California Punitives by Horvitz & Levy
  • Pointe San Diego v. WWI Properties: Court of Appeal affirms $4.7M punitive damages award based on peculiar nature of shareholder derivative action

    This unpublished opinion presents a punitive damages issue I haven’t encountered before.

    The issue is unique to shareholder derivative actions.  In such cases, a shareholder of a corporation brings a lawsuit on behalf of the corporation against a third party, typically a corporate insider.  The shareholder who brings the suit is referred to as a “nominal” plaintiff because, although he or she initiated the action, any recovery in the action belongs to the corporation, not the individual plaintiff.
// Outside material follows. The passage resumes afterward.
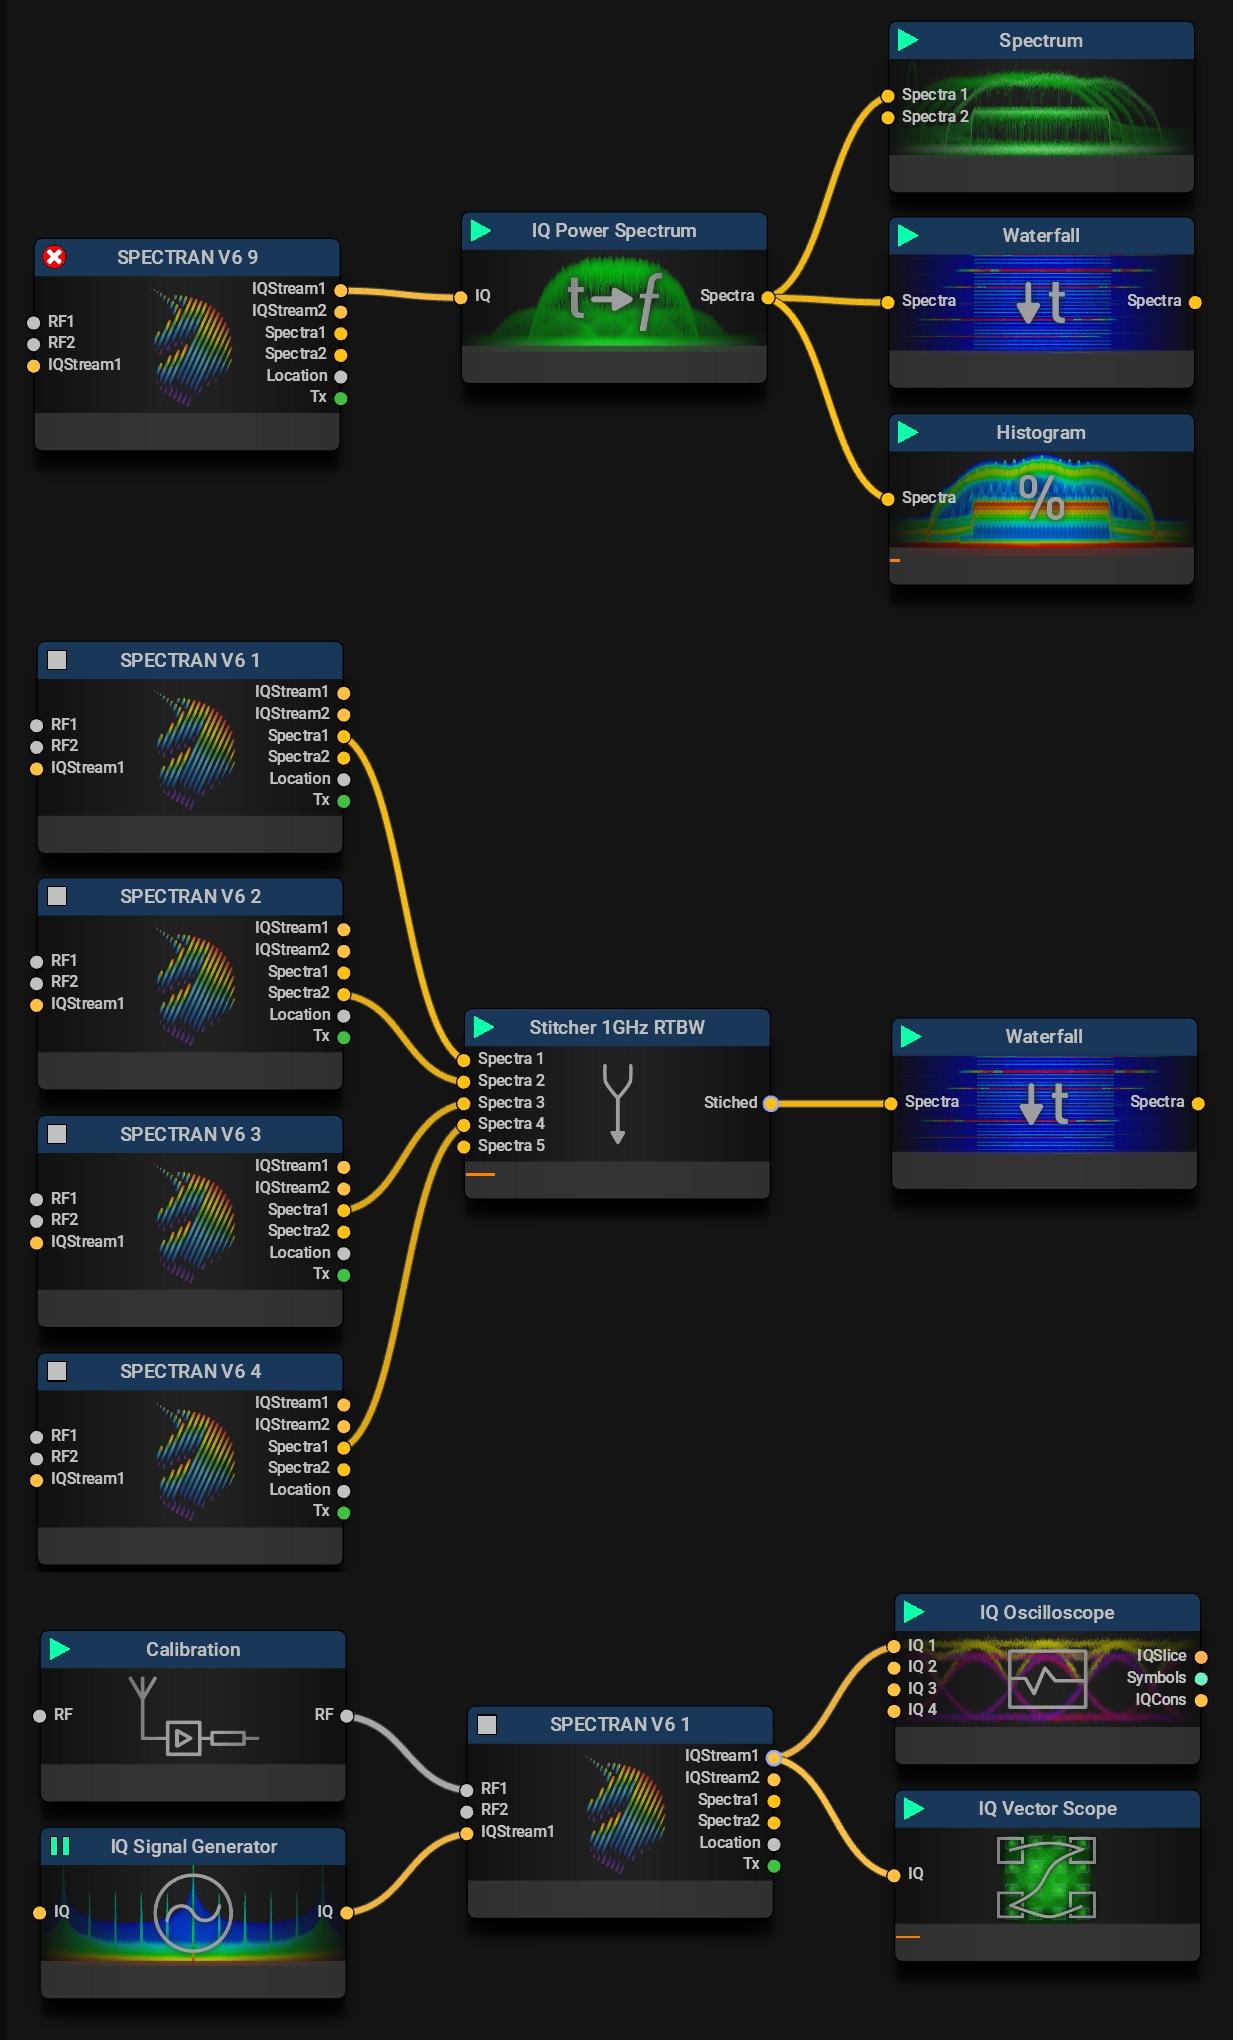 SPECTRAN V6 | Mission Examples

    The issue that arose here is how to analyze the issue of excessive punitive damages when a court in a derivative action awards punitive damages against a defendant who has a controlling interest in the corporation.  If the defendant pays $1 million in punitive damages to the corporation, but owns 60% of the corporation, then $600,000 of the punitive damages payment will flow right back to the defendant.  So the question is, can the maximum amount of punitive damages be adjusted upward to compensate for the fact that the defendant will benefit from his or her own payment of damages.  The California Court of Appeal (Fourth Appellate District, Division One) says “yes.”

    The Court of Appeal accepted the trial court’s conclusion that, if this were not a shareholder derivative action, the facts of the case would not permit a punitive damages award in excess of the amount of compensatory damages (in this case, $2 million).  The Court of Appeal further held, however, that the trial court properly adjusted the award upward to $4.7 million to account for the defendant’s control over the corporation.  Taking into account the percentage of the punitive award that would flow back to the defendant, the court concluded that the effective award against the defendant would be $2 million, equal to the compensatory damages.

    I can see the logic of the Court of Appeal’s reasoning.  But the opinion also suggests that the trial court increased the amount of the award partly to ensure that the shareholder who brought the derivative action would be entitled to a $2 million share of the punitive damages award, taking into account the plaintiff’s ownership interest in the corporation.  That doesn’t seem right at all.  The purpose of a derivative action is to provide a remedy for a wrong to the corporation, not to ensure that the shareholder who brought the action receives any particular amount.  And certainly the plaintiff is not entitled to any particular amount of punitive damages, which are always a windfall to the plaintiff.  Fortunately, however, the Court of Appeal stayed away from endorsing that part of the trial court’s analysis.